Я стал рыть в эту сторону, копаться в энциклопедии, выбирать оттуда то, что мне казалось интересно. А интересно было одно: то, где было написано, что автор стоит на неправильном пути. Со всякими нехорошими эпитетами: что он заблуждался, был идеалистом, символистом или футуристом и т. д. Вот это было действительно важно, и это стоило копать дальше. Я записался сначала в детский отдел Ленинской библиотеки, потом – в юношеский, стал туда ездить. И это была одна линия жизни. Видимо, она выводила на филологический факультет, на который я, окончив школу, и поступил в 1965 году. И это была вот какая линия: зеленая лампа, как в Ленинке, круг света под ней, хорошие книги. А уж что это будет: филология, история, история философии или все это вместе, – в общем, было и не так важно. Важно, что это был свой мир, и он был во всех отношениях хорош, интересен, насыщен, не такой, какой складывался вокруг.

К счастью, родительская семья была благополучна, в том смысле, что никого не посадили и не сослали во времена террора, никого не убили на улице. По крайней мере, среди самых близких родственников все было относительно нормально. У более дальних родственников случалось всякое: были люди, которые пили или попадали в психбольницу. Это, среди прочего, была цена за советскую урбанизацию, когда людей собрали в предместья больших городов, где им нечего было больше делать, как ездить на работу и обратно. Потому что деваться в поселке было некуда, никаких мало-мальски отмеченных и притягательных мест в нем не было. Ну, был клуб, где раз в неделю меняли кино, ну, была самая обычная библиотека. Пивная на нашей улице была. Школа – тоже самая обыкновенная, ничего особенно интересного там не ожидало и не случалось.

Дальше был филфак. Тоже ничего особенно замечательного (за исключением двух-трех преподавателей, которых я выбрал сам и в спецсеминарах которых занимался, – Т. П. Ломтев, М. В. Панов, Анатолий Алексеевич Федоров). Казалось, дальше так все и пойдет. Филология, история литературы, конечно, зарубежной, а не отечественной, это подразумевалось, потому что отечественная вся уделана идеологией и российскими преподавателями. Что-нибудь подальше от окружающего. Ну, наверное, что-то такое мерещилось, что я потом увидел у Аверинцева, Гаспарова, – совершенно свой выстроенный мир, в котором ты царь и бог.

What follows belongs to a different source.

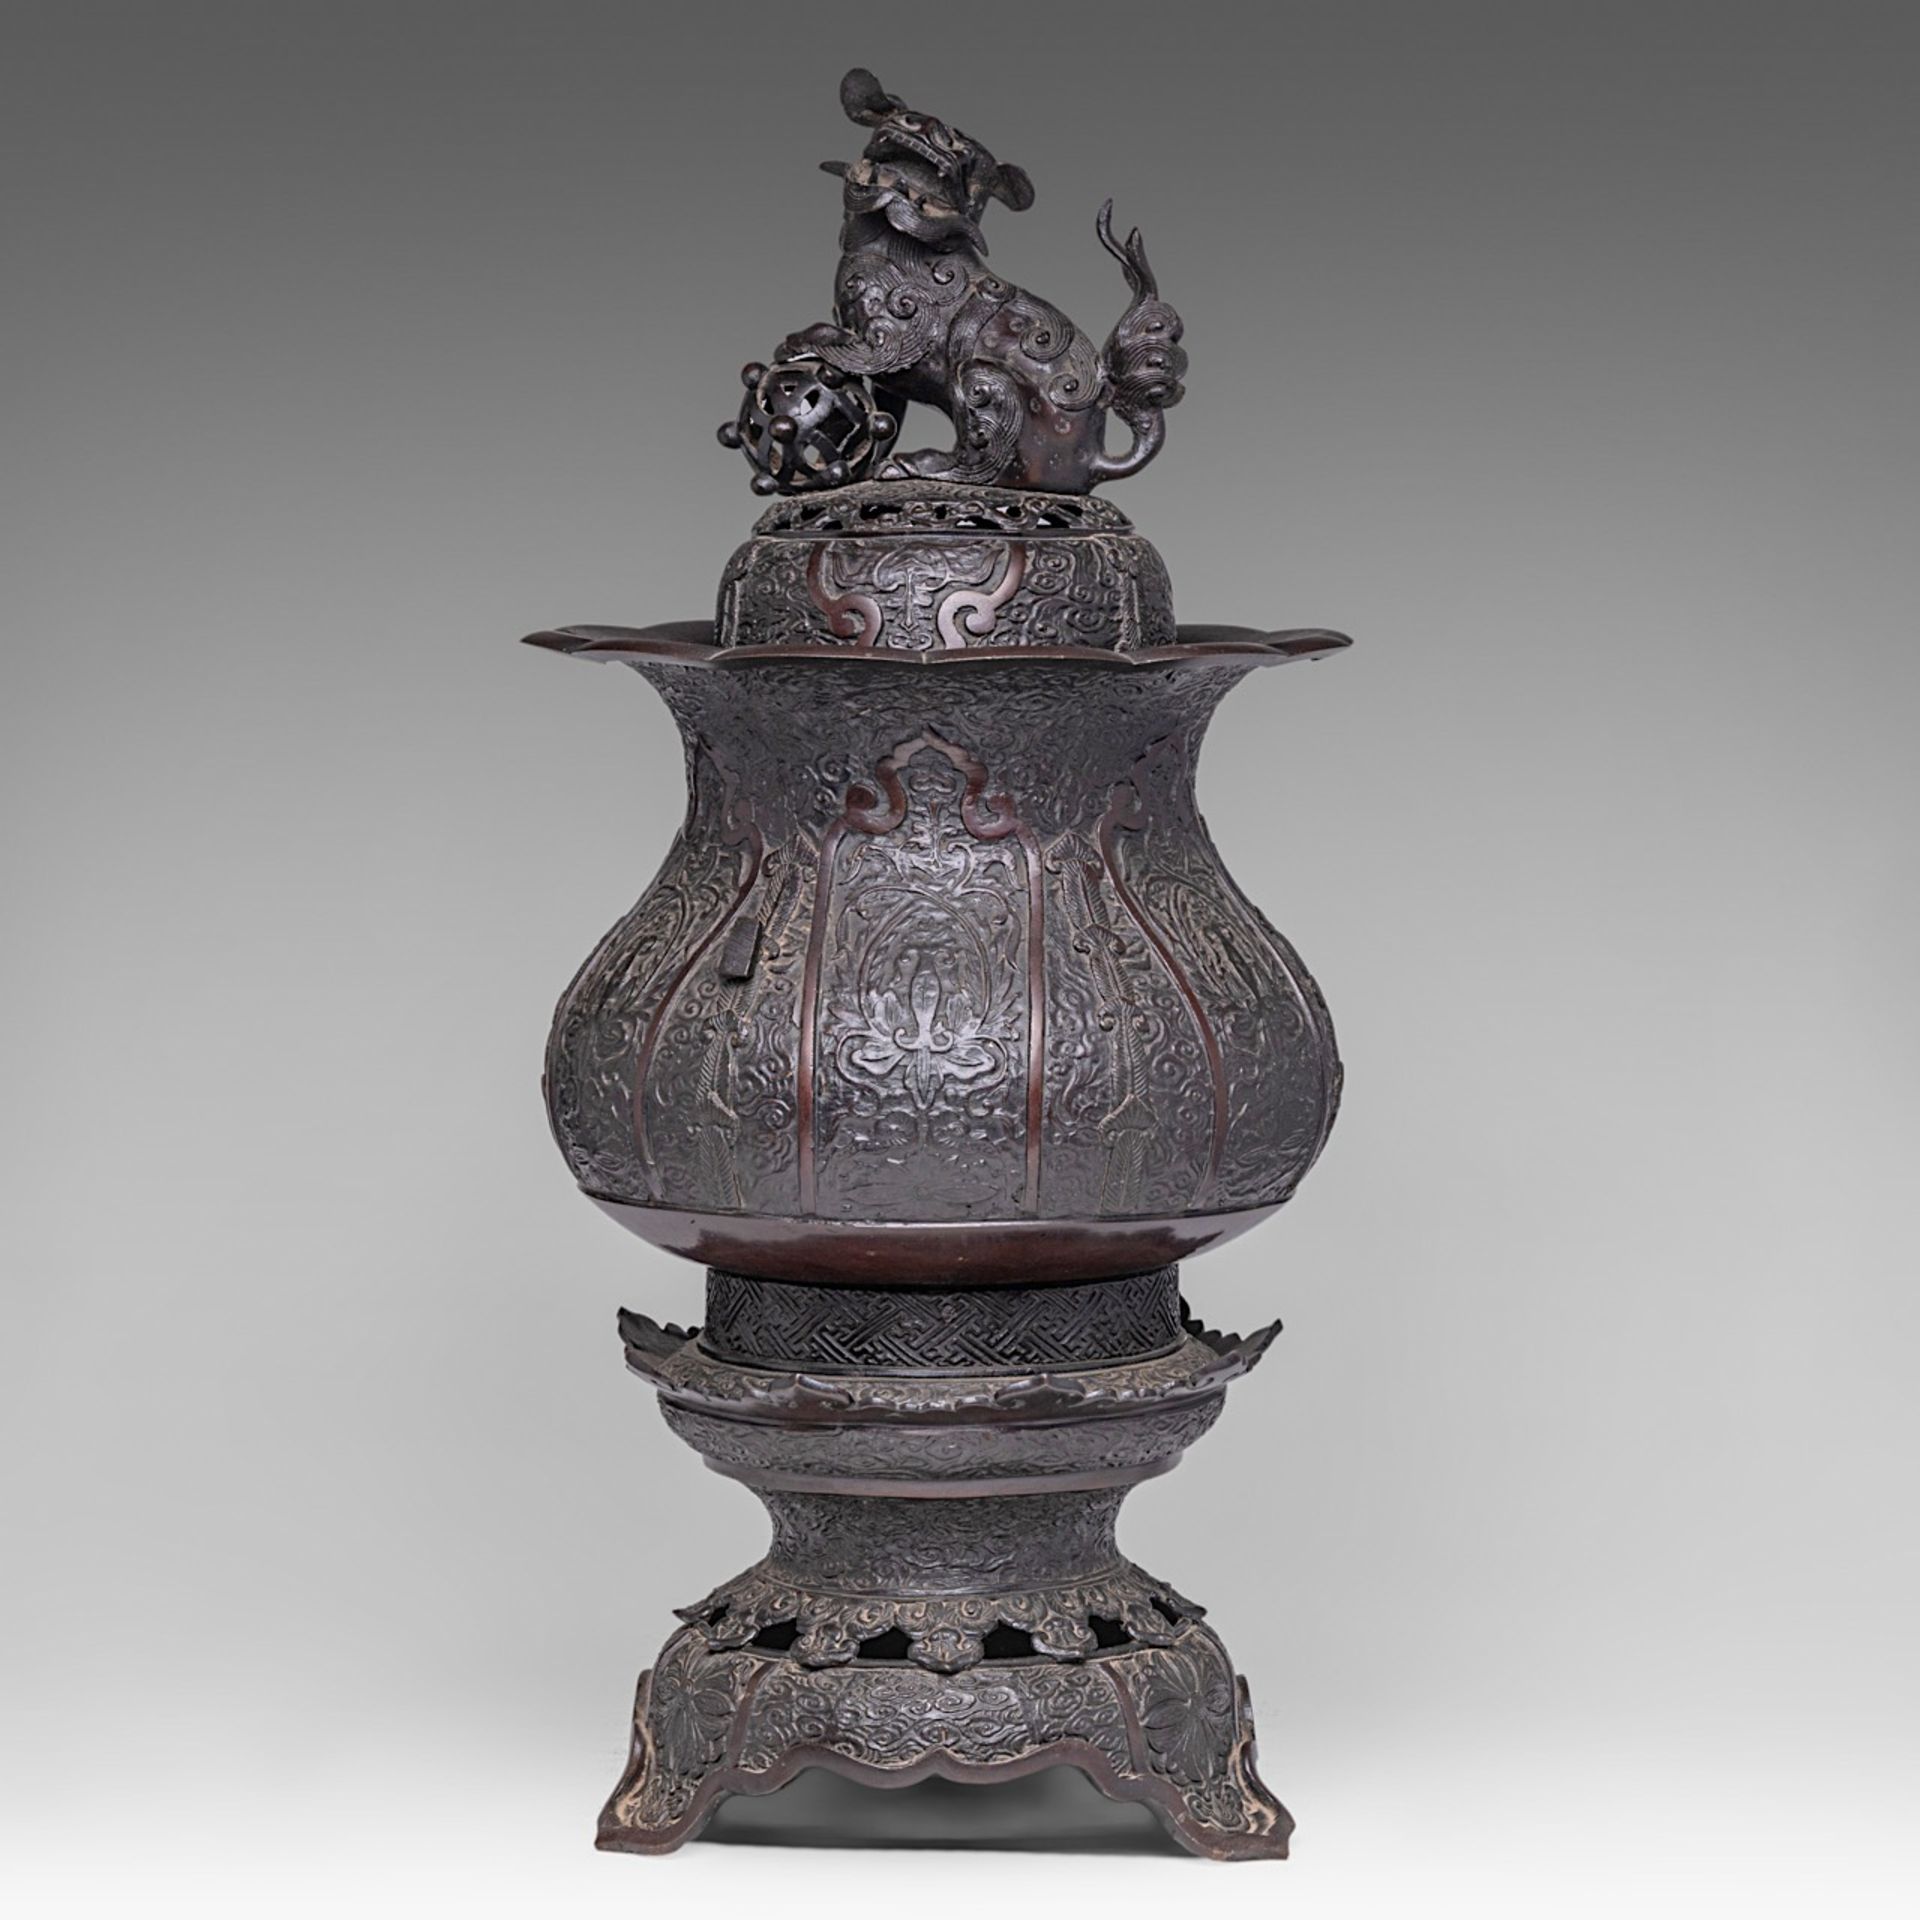 A large Japanese bronze censer with a shishi on top, Meiji period (1868-1912), H 60 cm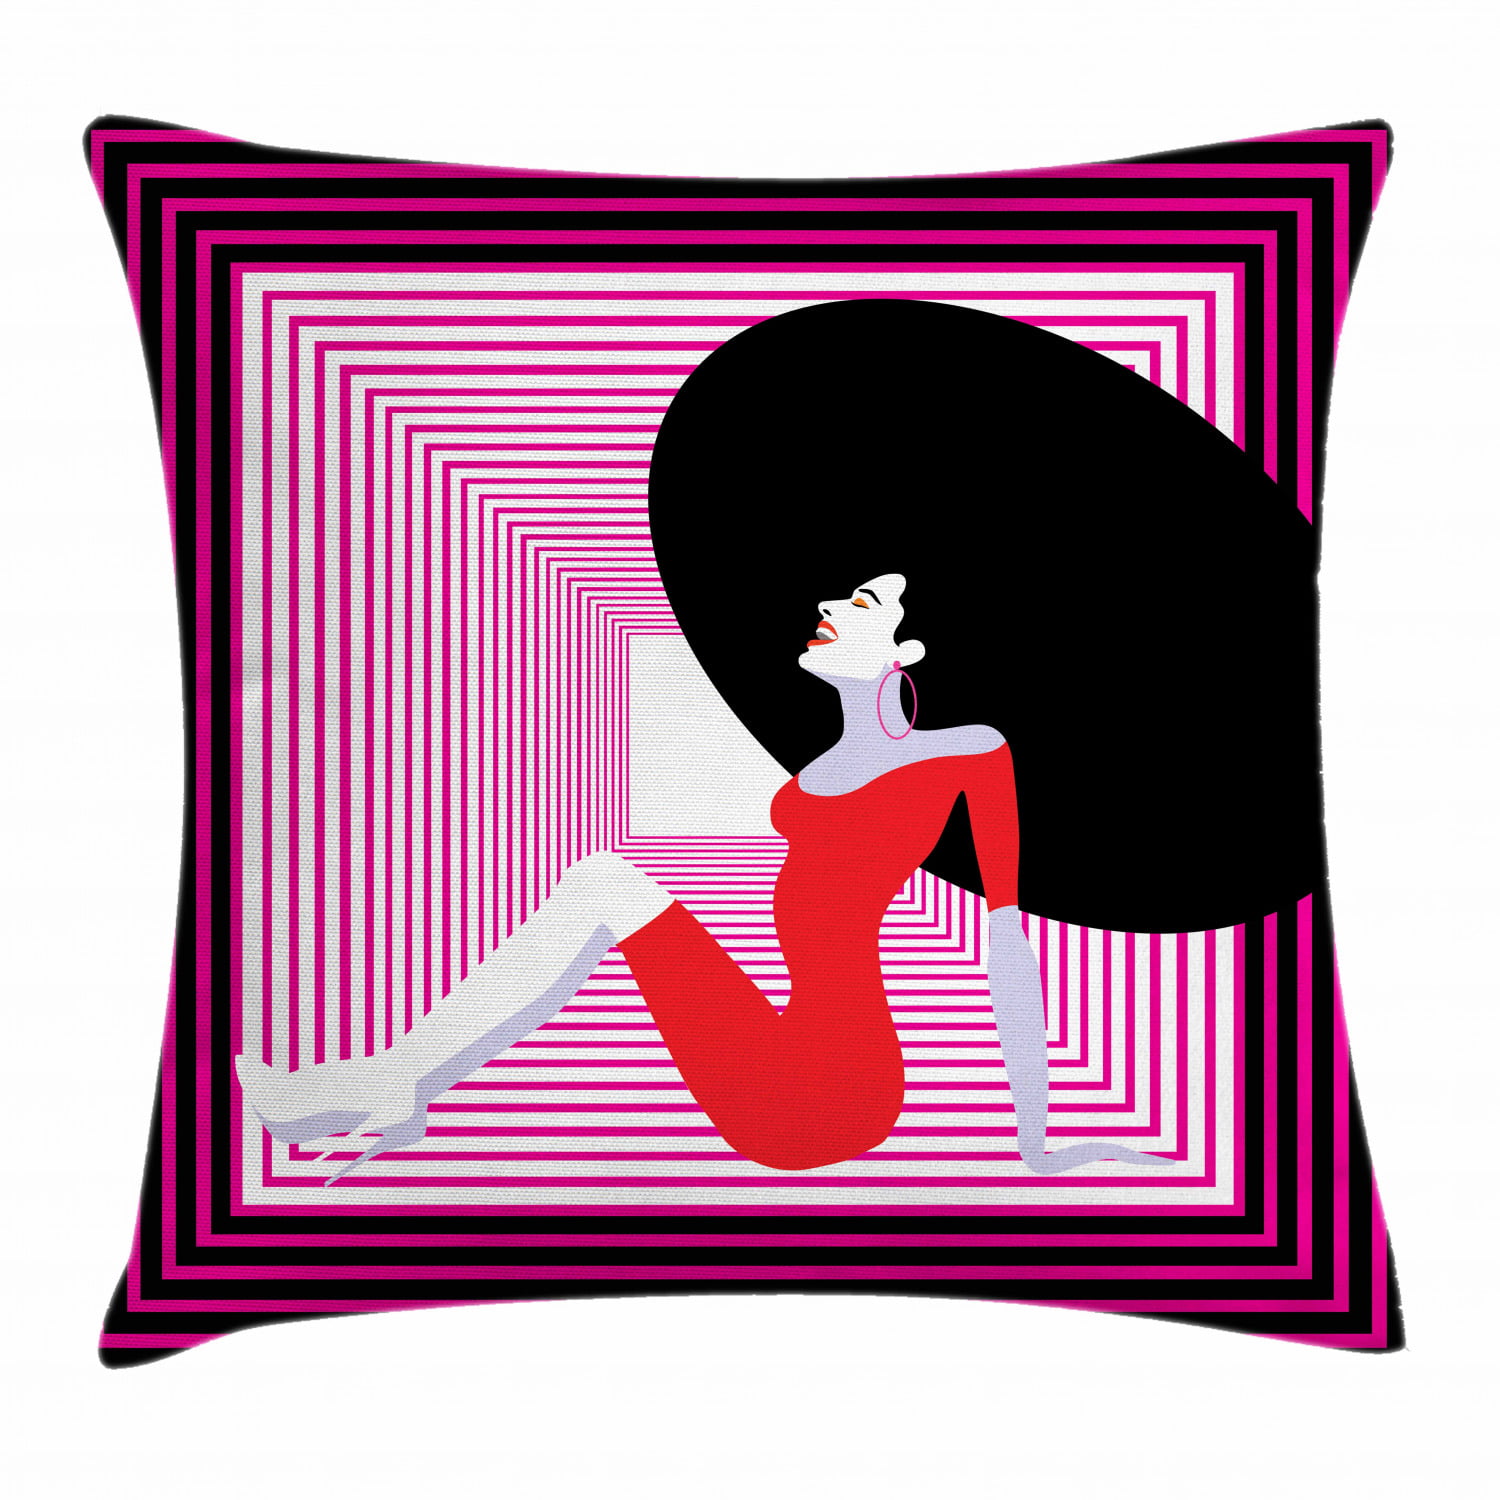 Comic Books Stuff Women Whispering-I Really Love Gaming-Comic Pop Art Throw Pillow Cool Computer Game Multicolor 16x16 Comic

Но тут поджидало следующее возмущение (тоже пробой, но в другую сторону). Примерно в начале 1964 года я познакомился с кругом молодых поэтов, которые через несколько месяцев создали то, что получило название СМОГ – Самое Молодое Общество Гениев. Разные были расшифровки этого СМОГа, главное, что хорошо звучало: СМОГ, смогисты. Я не был среди отцов-основателей и даже среди самых активных участников, но все же в нескольких выступлениях участвовал, какие-то из моих стихов перешли в самиздат, потом были перепечатаны в «Гранях». В общем, тут наметилась какая-то другая линия возможной жизни. Леня Губанов, Володя Алейников, Саша Васютков, Володя Батшев – он мне ближе других. С Юрием Кублановским я почти не был знаком, с Аркадием Пахомовым познакомился позже, уже в МГУ. Но самым близким моим другом на многие годы, вплоть до 1985-го, когда он ушел из жизни, стал Сергей Морозов, очень одаренный, замечательный поэт, до читателя ни тогда, ни теперь так и не дошедший. Мы познакомились через Батшева в литературной студии «Зеленый огонек», которую вел тогда по московским клубам Эдмунд Иодковский.